DATA FOR ANALYSIS ▸
□ □ □ □ □

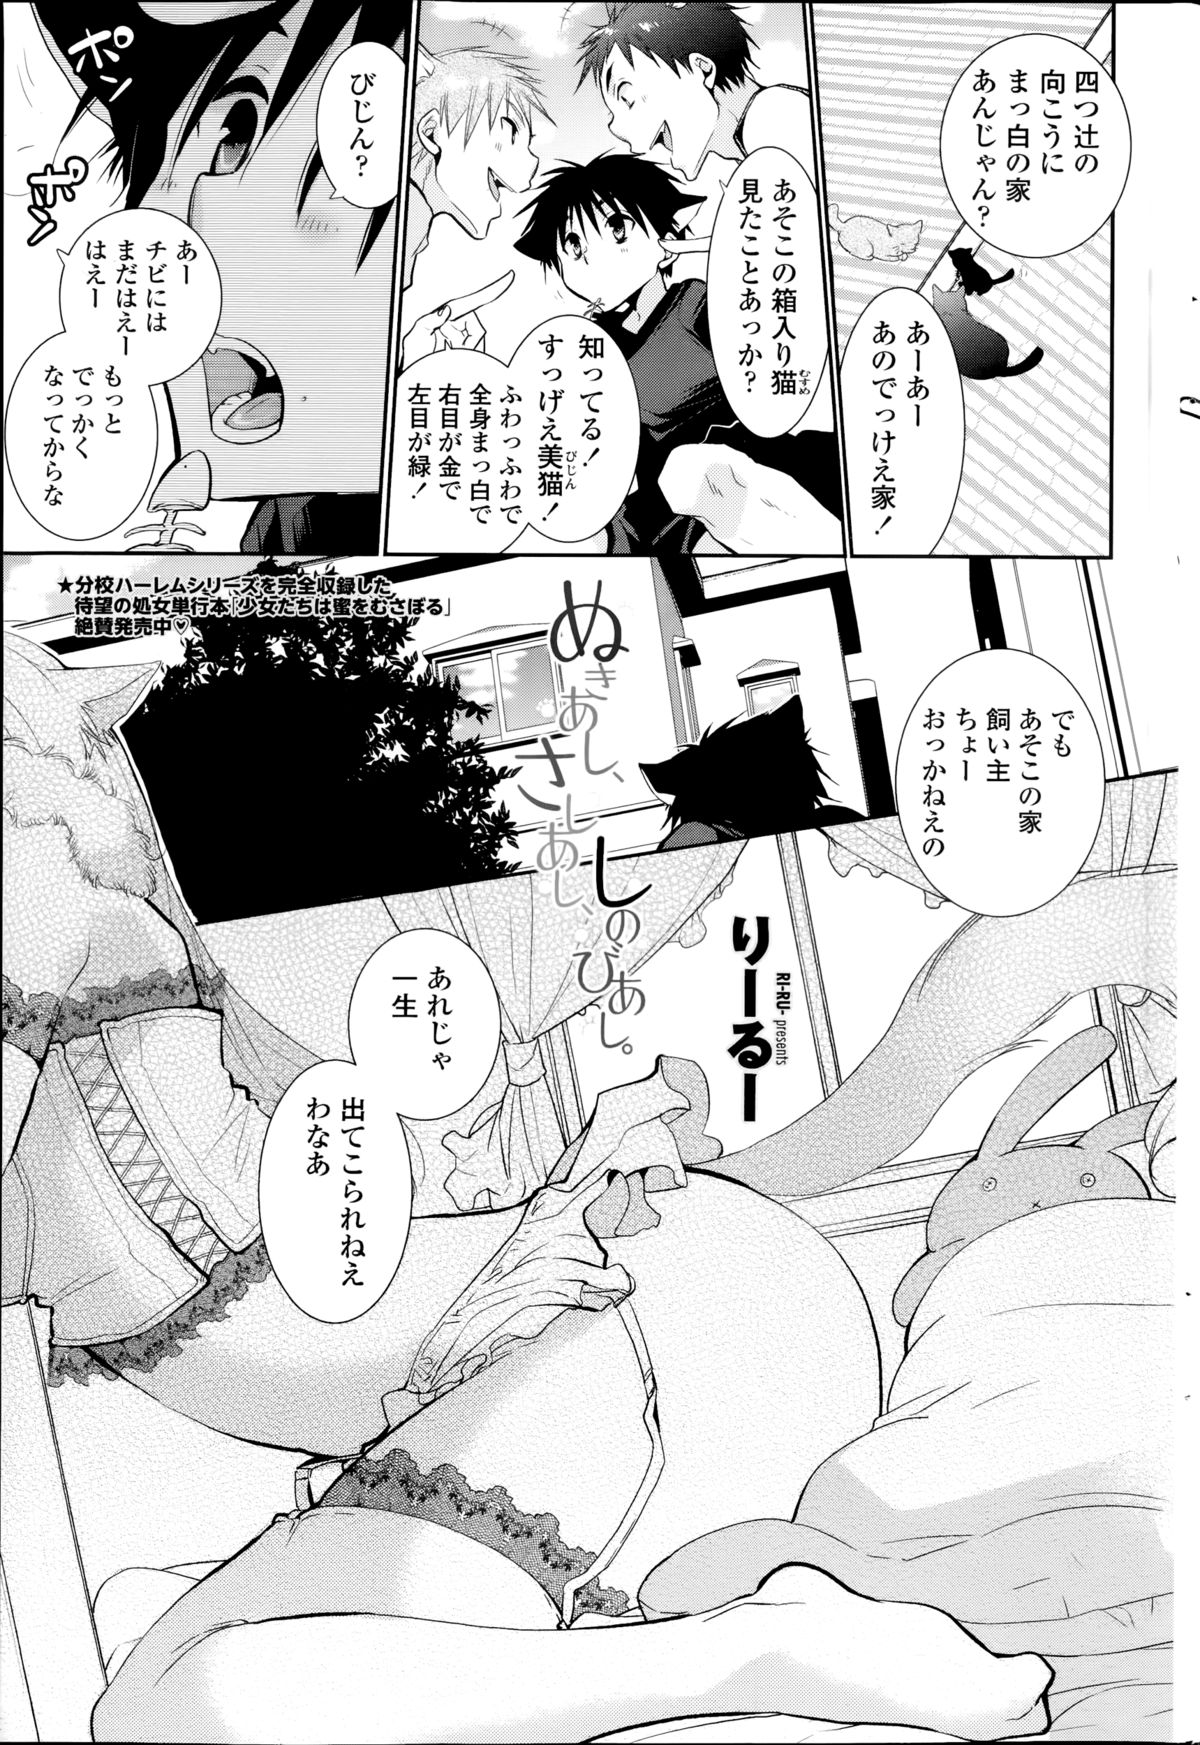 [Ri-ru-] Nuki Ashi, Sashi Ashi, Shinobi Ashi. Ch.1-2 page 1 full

□ □ □ □ □

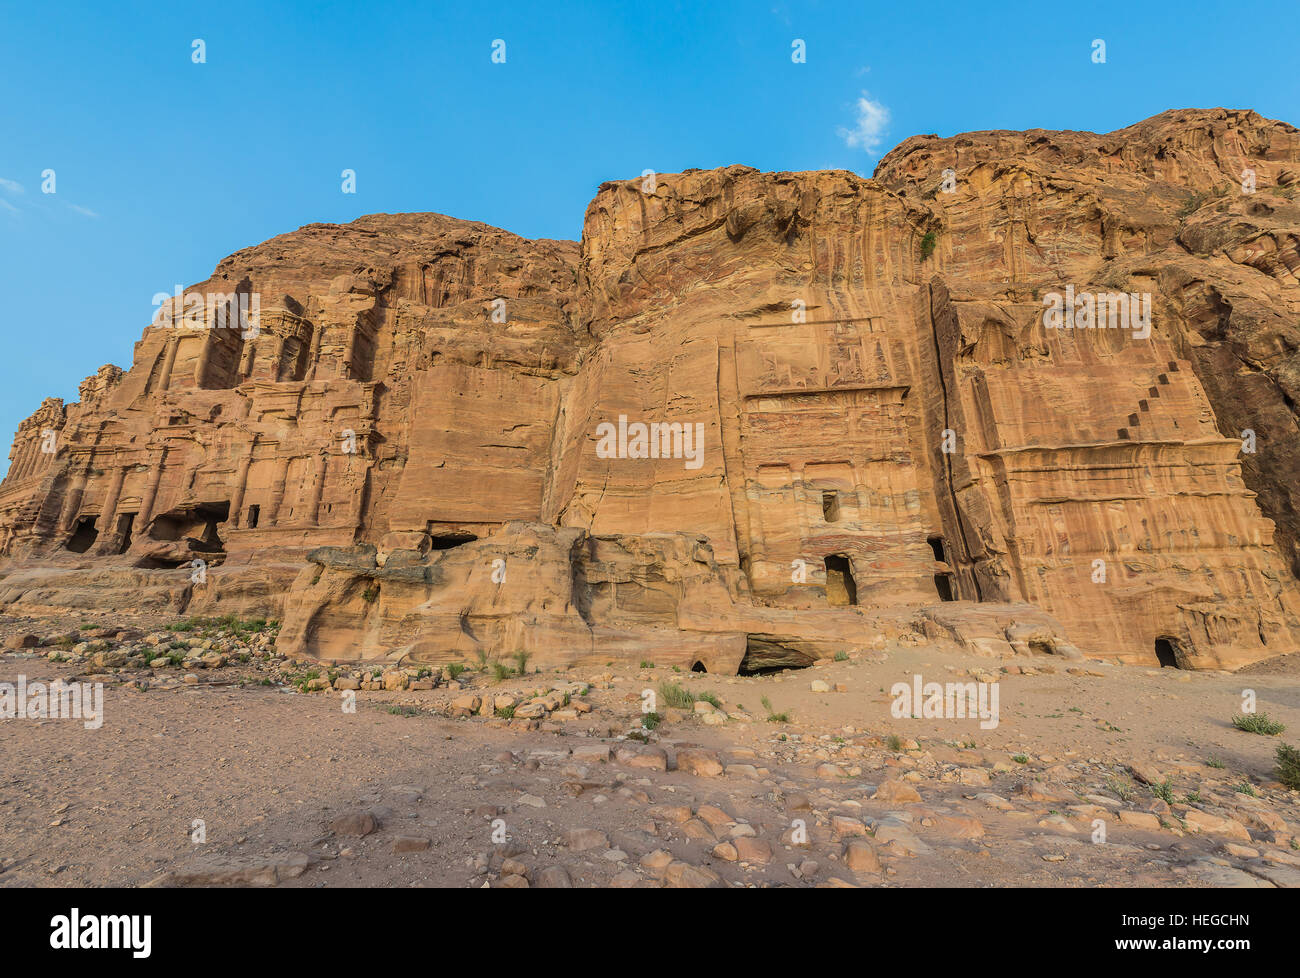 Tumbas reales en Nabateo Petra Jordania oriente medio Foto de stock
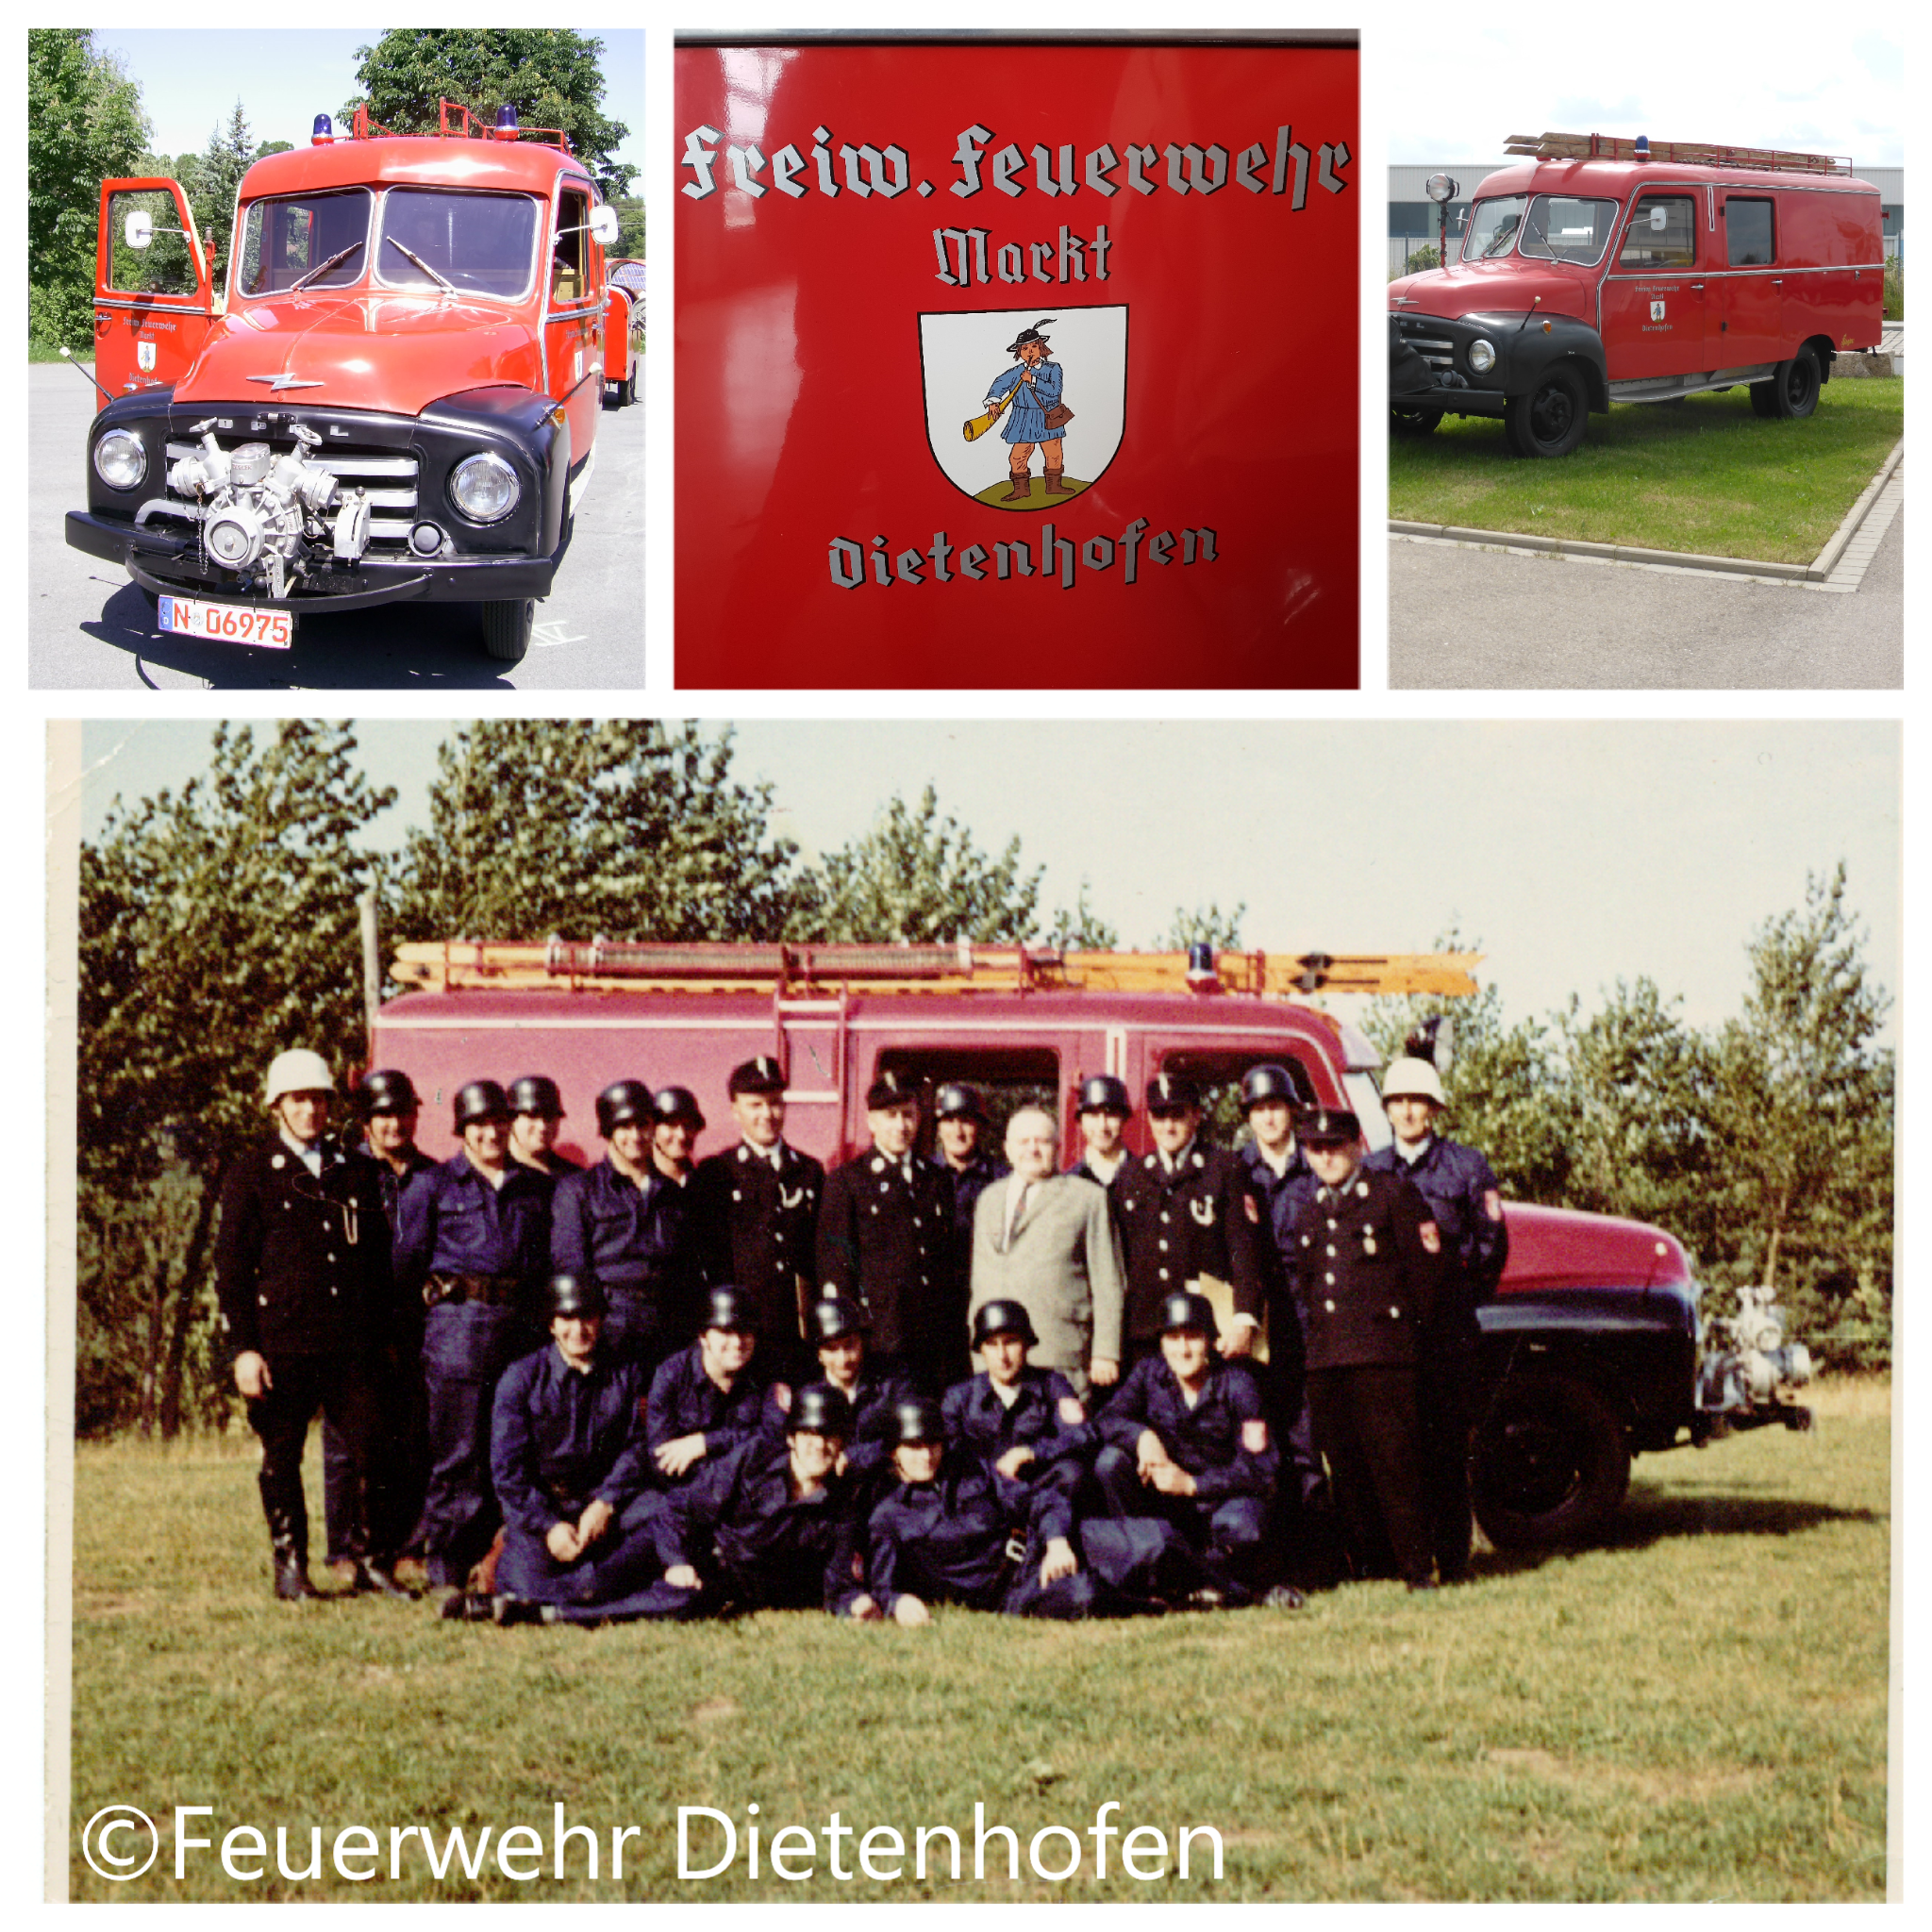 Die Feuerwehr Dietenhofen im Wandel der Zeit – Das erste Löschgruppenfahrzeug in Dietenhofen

□ □ □ □ □

How would the lines above read from the one with "Tumbas reales en" to the one with "Die Feuerwehr Dietenhofen", inclusive, with no pictures? Write them out exactly.

 Tumbas reales en Nabateo Petra Jordania oriente medio Foto de stock
 Die Feuerwehr Dietenhofen im Wandel der Zeit – Das erste Löschgruppenfahrzeug in Dietenhofen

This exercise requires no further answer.